History of Art and Architecture

Call for applications: Work Forces workshop

Call for applications

Work Forces: Mobilizing the Visual and Material Cultures of Labor

May 6 – May 10, 2019

A collection-based workshop for Pitt faculty and graduate students
Presented as part of Collecting Knowledge Pittsburgh
Supported by the Andrew W. Mellon Foundation
Co-leaders: Alex Taylor and Barbara McCloskey

Application deadline: February 25, 2019
12 participants will receive $2000 to participate in the week-long workshop and carry their work forward.

The forces of labor have long shaped the collections of Pittsburgh. Many of the city’s museums and archives manifest the vast wealth generated through the efforts of its workers, and sometimes were formed with their improvement in mind. In other instances, collections testify to Pittsburgh’s long and preeminent role in the history of organized labor and worker’s struggle, and the environmental and social impacts of industrialization, deindustrialization, and the city’s move toward a tech economy. Local museums and archives also contain traces of the material knowledge and techniques of skilled makers, and record forms of artistic collectivity borrowed from diverse spheres of productive endeavor.

This week-long, collection-based workshop seeks to imagine new ways to engage with Pittsburgh’s artistic and archival manifestations of labor. Some of the themes to be explored include:

  • how museum and library holdings can help trace the changing nature of labor in Pittsburgh, artistic or otherwise;
  • how these collections might connect local labor histories to the transformative forces of globalization; and
  • how these historic materials connect to urgent contemporary questions of social and economic inequality.

Workshop participants will have the opportunity to contribute to the early intellectual development of Working Thought, a major exhibition at the Carnegie Museum of Art in 2020. Curated by Eric Crosby, Richard Armstrong Senior Curator of Modern and Contemporary Art, Working Thought will present the work of some 25 contemporary artists who engage critically with issues of labor and economic inequality in our nation, past and present. Crosby and his colleagues will participate in several workshop sessions, and participants in the workshop are encouraged to attend an afternoon symposium related to the exhibition on May 4, 2019.

Participants are expected to then carry their work forward as a research or teaching initiative of some kind.

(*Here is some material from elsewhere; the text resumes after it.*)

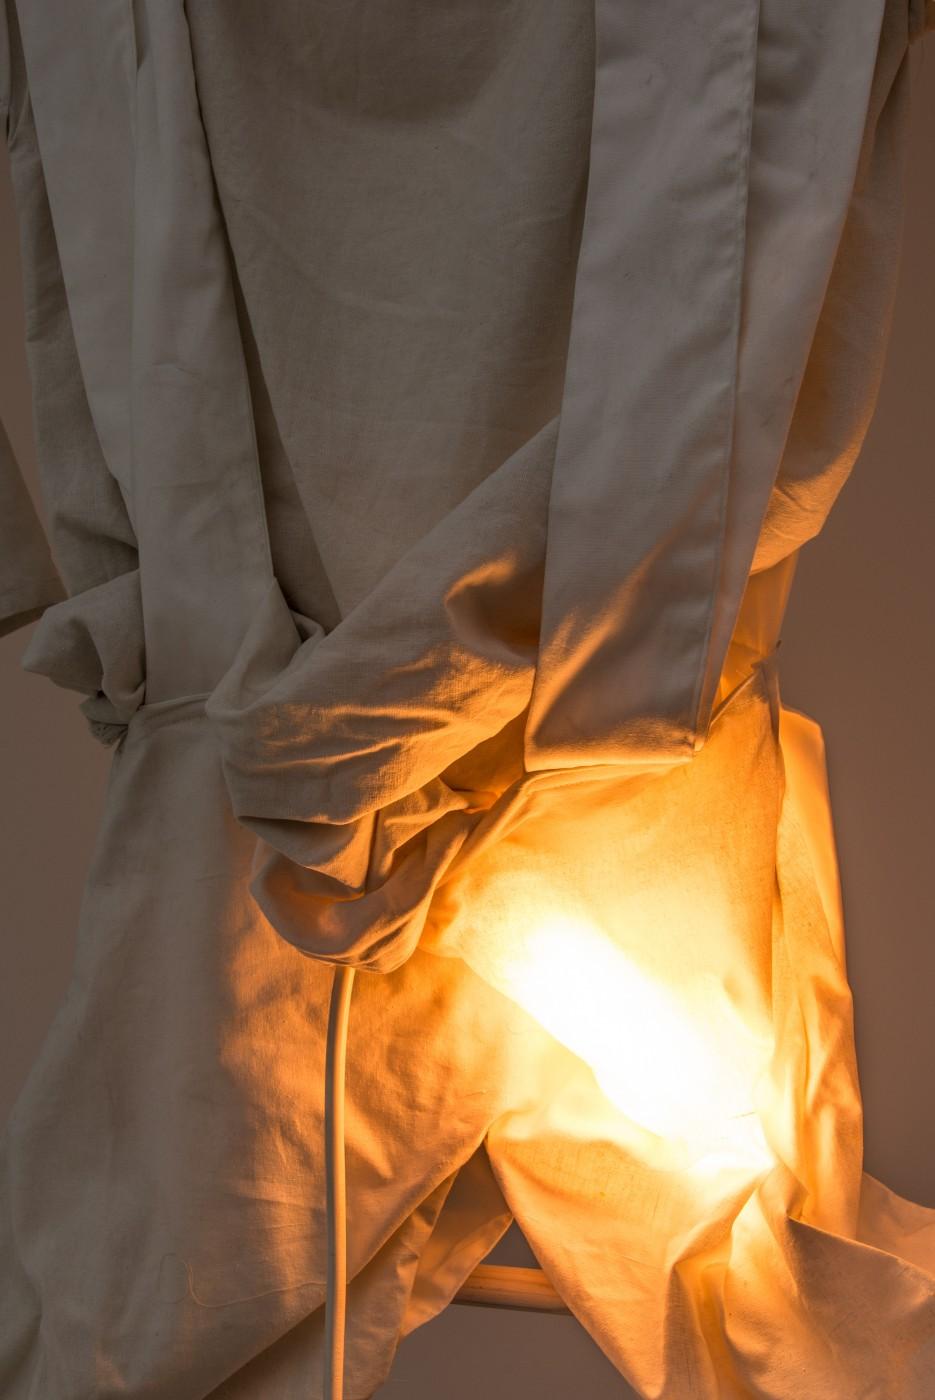 SORRY  My Shape</I> (detail), 2018 Cotton, rope, light, wood 130 x 80 x 20 cm / 51.2 x 31.5 x 7.9 in  MÉLANIE MATRANGA

Projects might take many forms but we are particularly interested in:

  • Research that makes use of objects in local collections and that could be developed into articles, digital projects and/or blog posts;
  • Projects that draw on local collections to engage communities in issues of labor and labor justice;
  • New or revised course materials that integrate objects from local collections and/or the Working Thought exhibition into course content.

This is the fourth summer workshop presented as part of Collecting Knowledge Pittsburgh, a consortium of local museums, galleries and archives working together to share information and expertise, and foster collaboration in research, teaching, and public engagement.

How to apply

Applications are welcome from Pitt faculty and graduate students engaged in the theme of the workshop, from any discipline and any department, who are interested to engage with objects, collections, archives and museums.

Email applications to Alex Taylor alex.taylor@pitt.edu as a single Word document. Include a current CV and a short statement (approximately 500 words) explaining why you would like to participate, what you hope to gain, and what project or projects you can envisage carrying forward from the workshop (with the understanding, of course, that your initial ideas will probably transform as you explore the collections and work with other participants). Please also indicate your availability to attend the Working Thought symposium in the afternoon of May 4. Graduate students should include brief letter from their faculty supervisor or director of graduate studies confirming support of the application. Faculty should arrange a brief letter or email from their department chair or supervisor confirming her/his support.